Retype the data below exactly, skipping pictures.

SOURCE DATA:
= Beginning of Section =
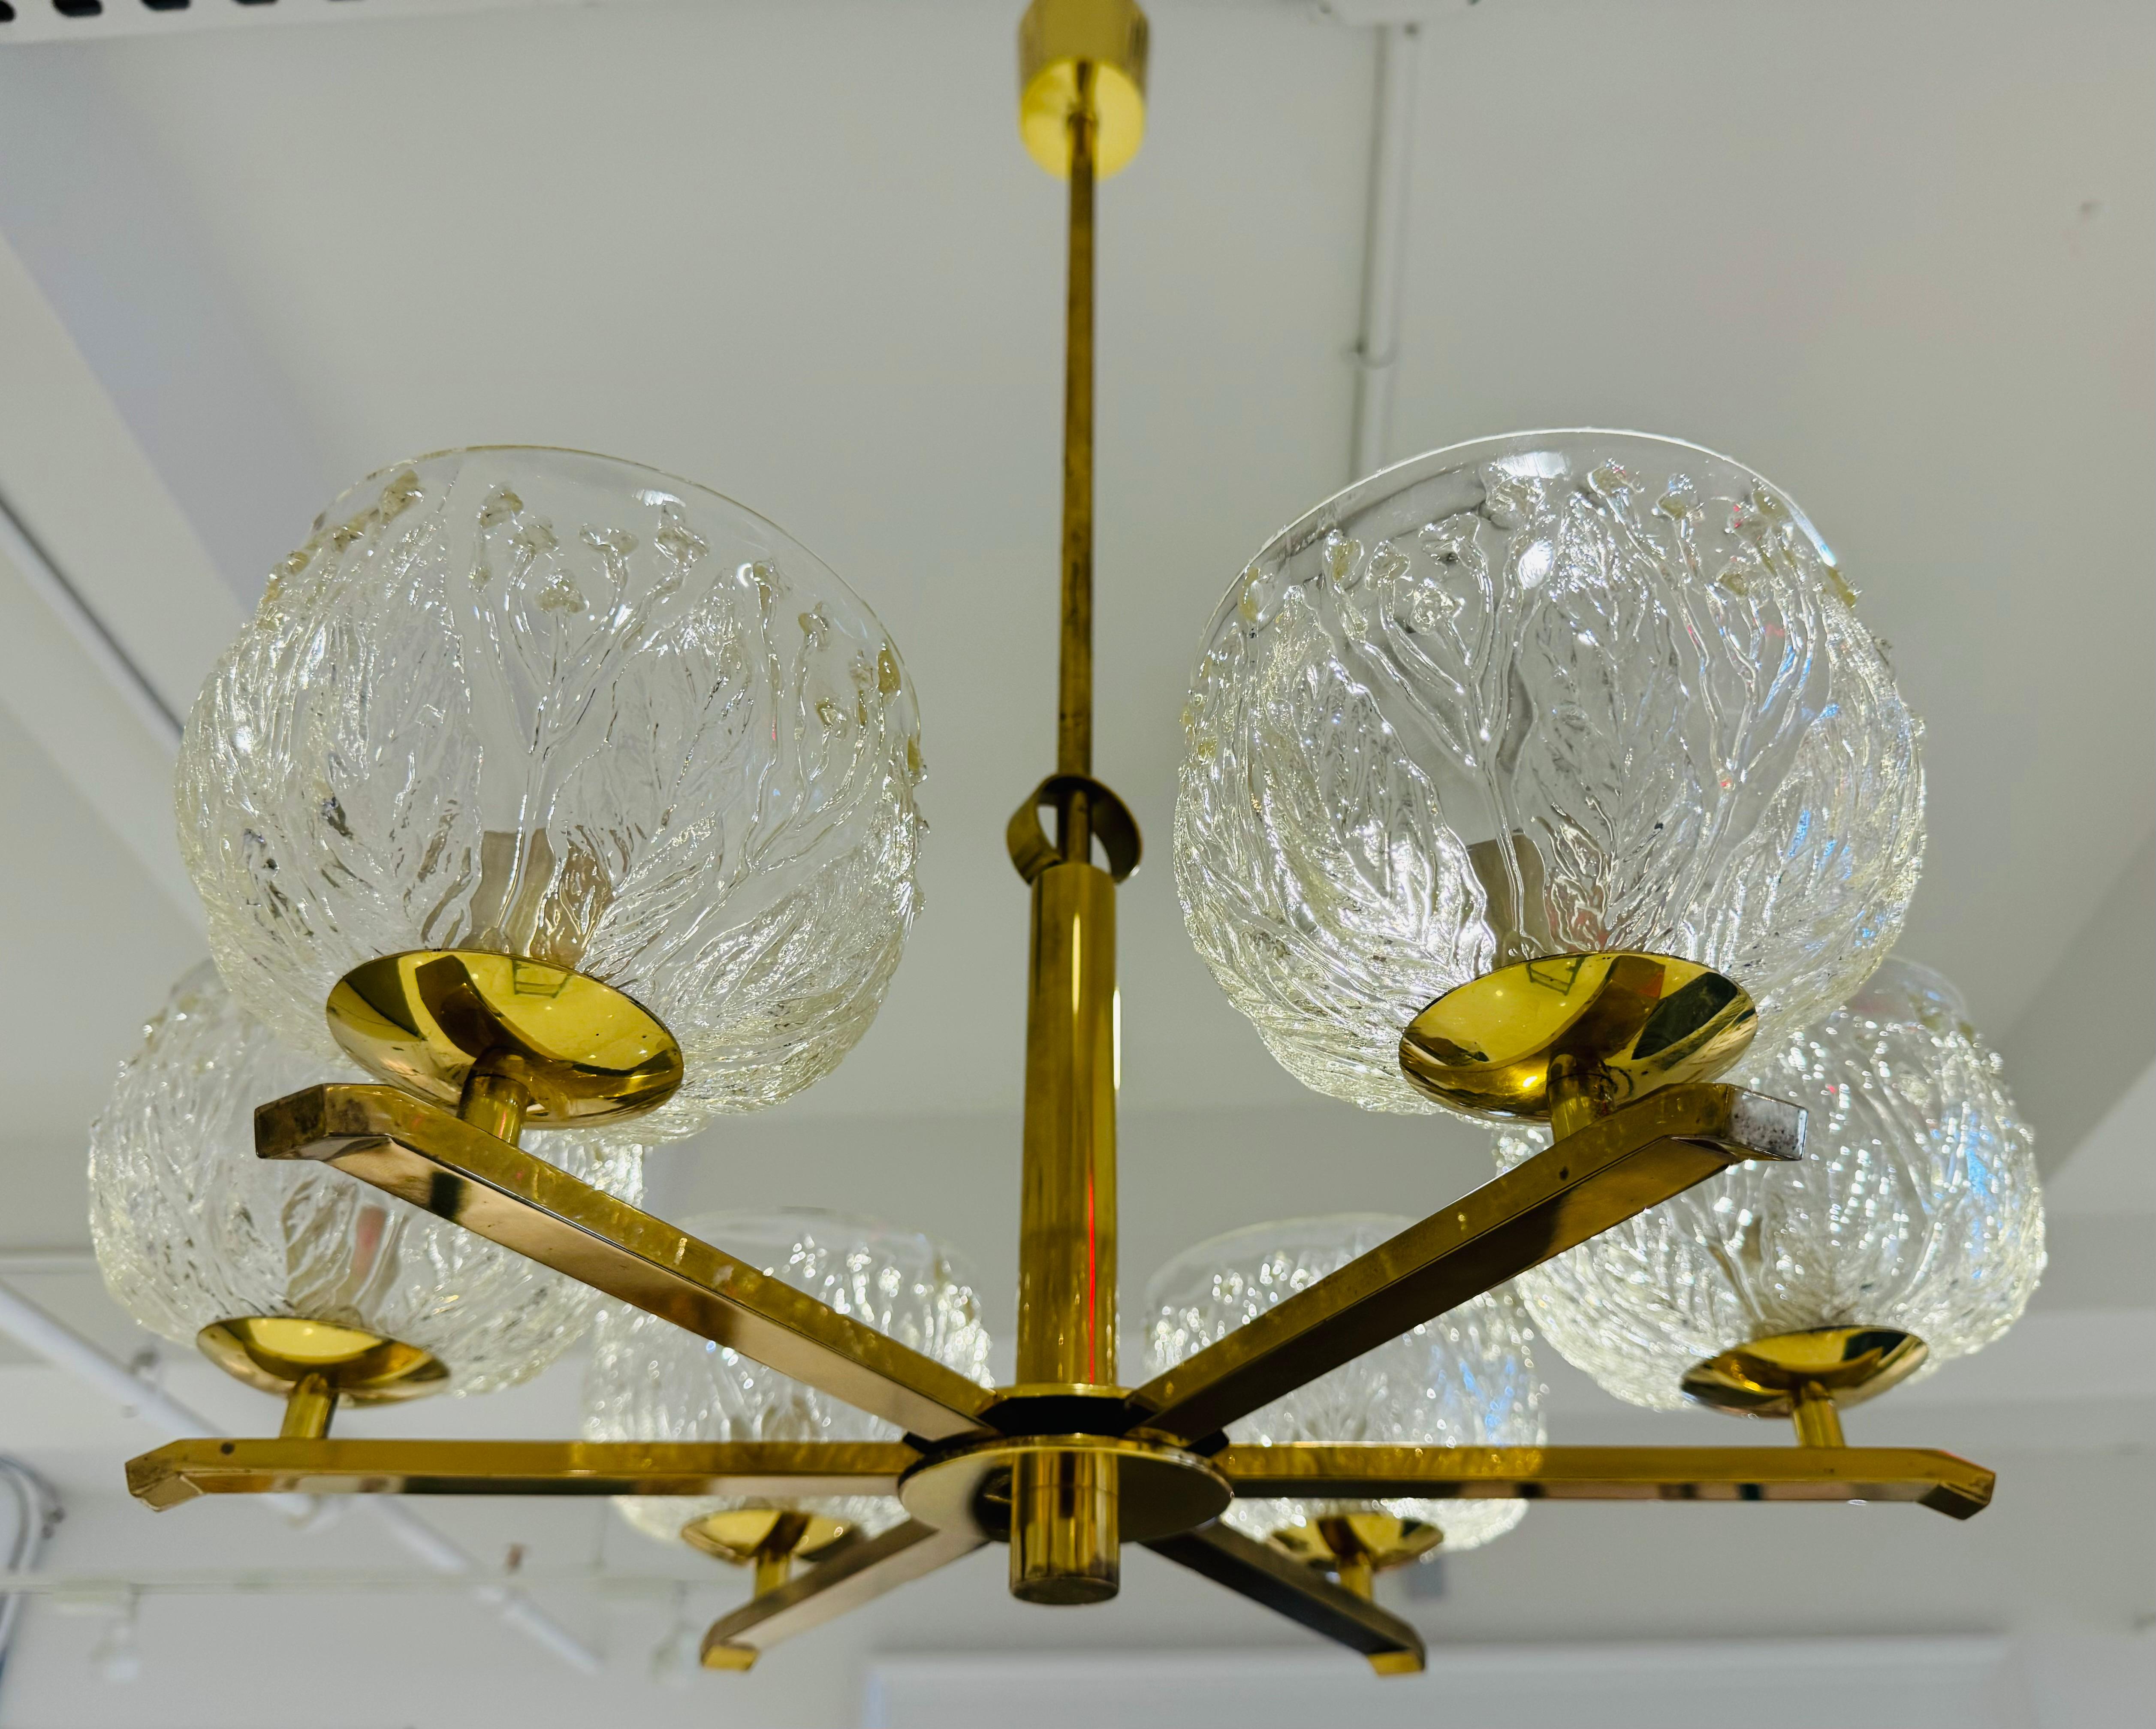 A rare 1970s Swedish six light polished brass pendant with floral molded glass shades. Rewired. 
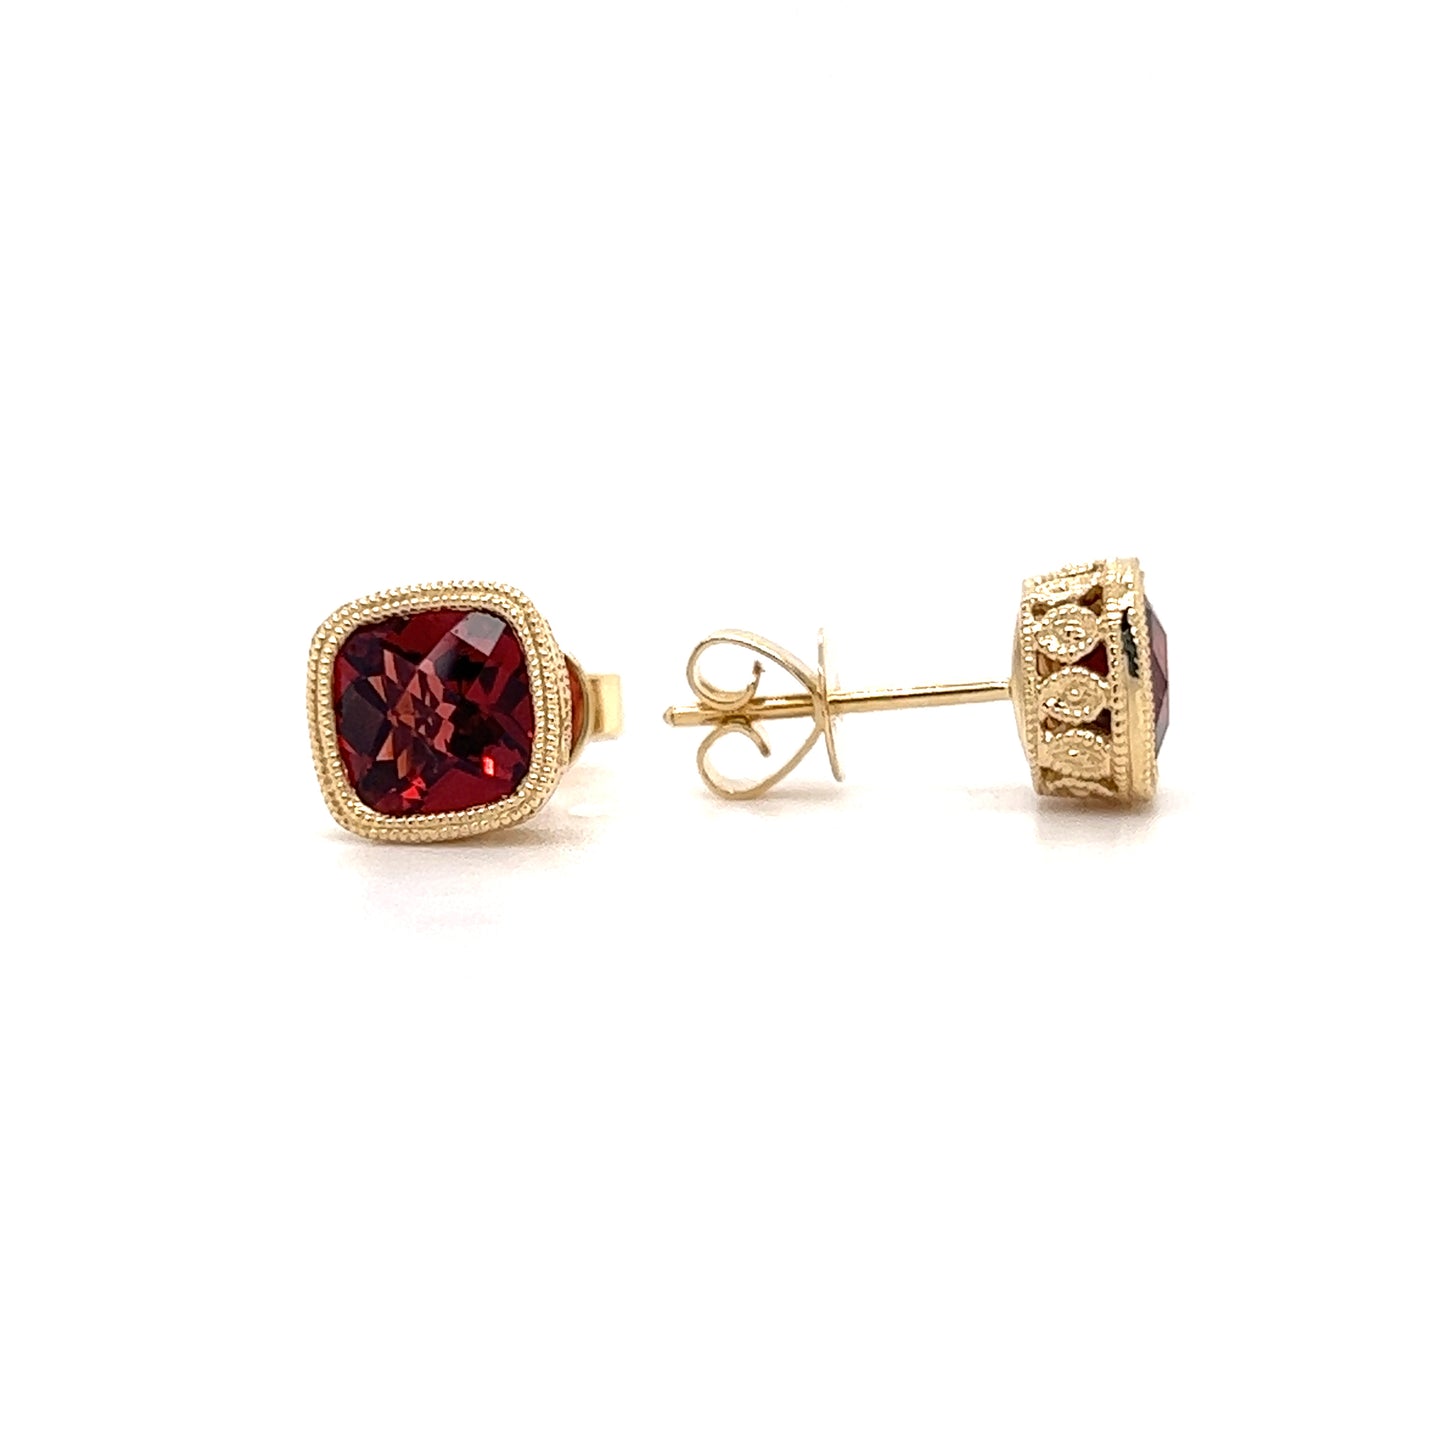 Garnet Stud Earrings with Milgrain and Filigree in 14K Yellow Gold Front and Side View
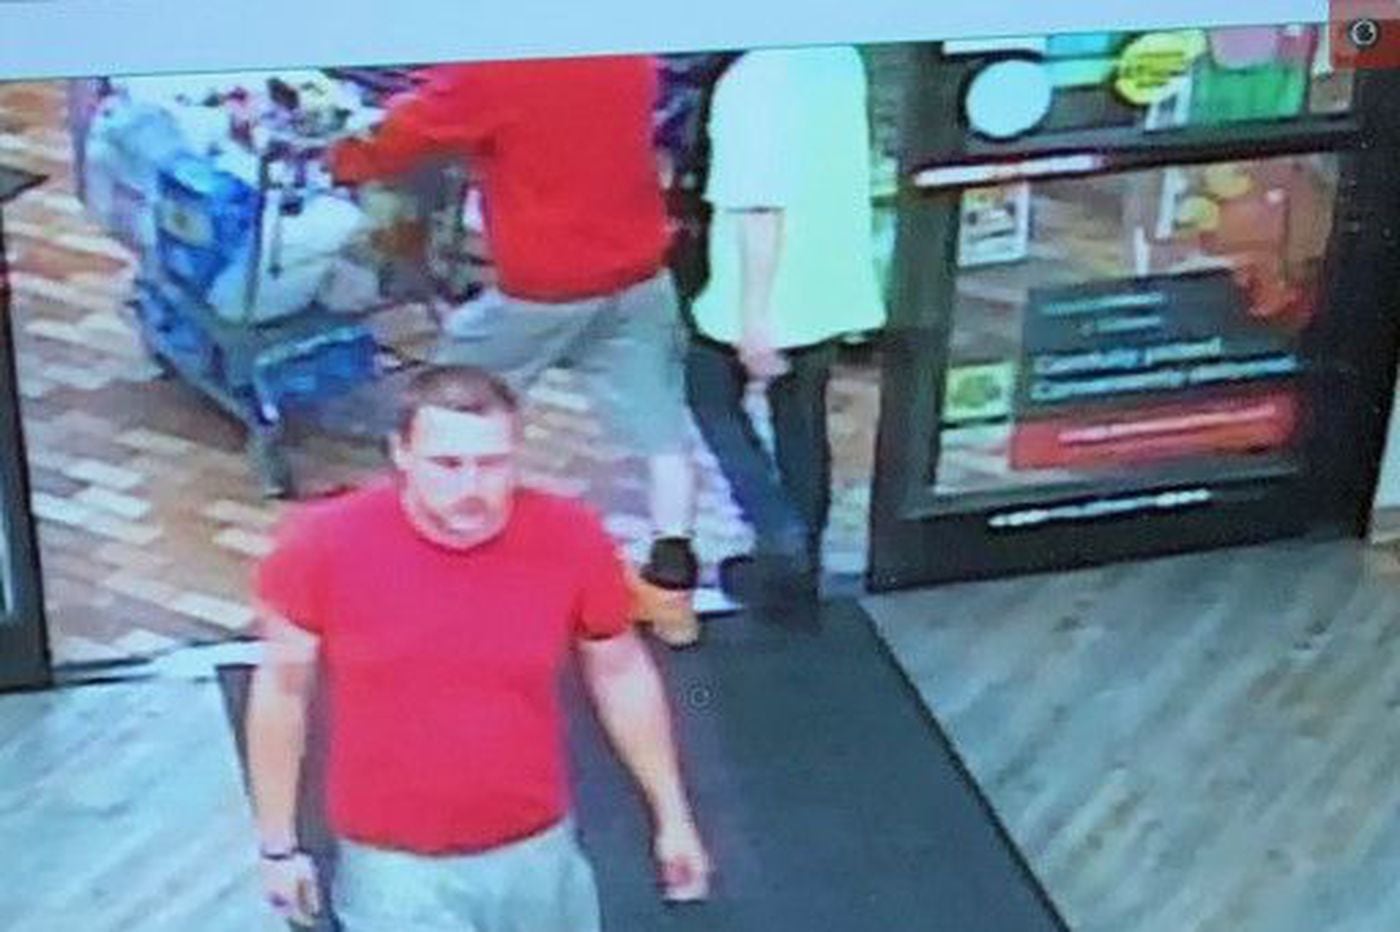 Asked to wear mask, angry man throws hot-sauce bottle at Acme employee in Bucks, police say
= End of Section =
ANSWER BOX:
 A rare 1970s Swedish six light polished brass pendant with floral molded glass shades. Rewired. 
 Garnet Stud Earrings with Milgrain and Filigree in 14K Yellow Gold Front and Side View
 Asked to wear mask, angry man throws hot-sauce bottle at Acme employee in Bucks, police say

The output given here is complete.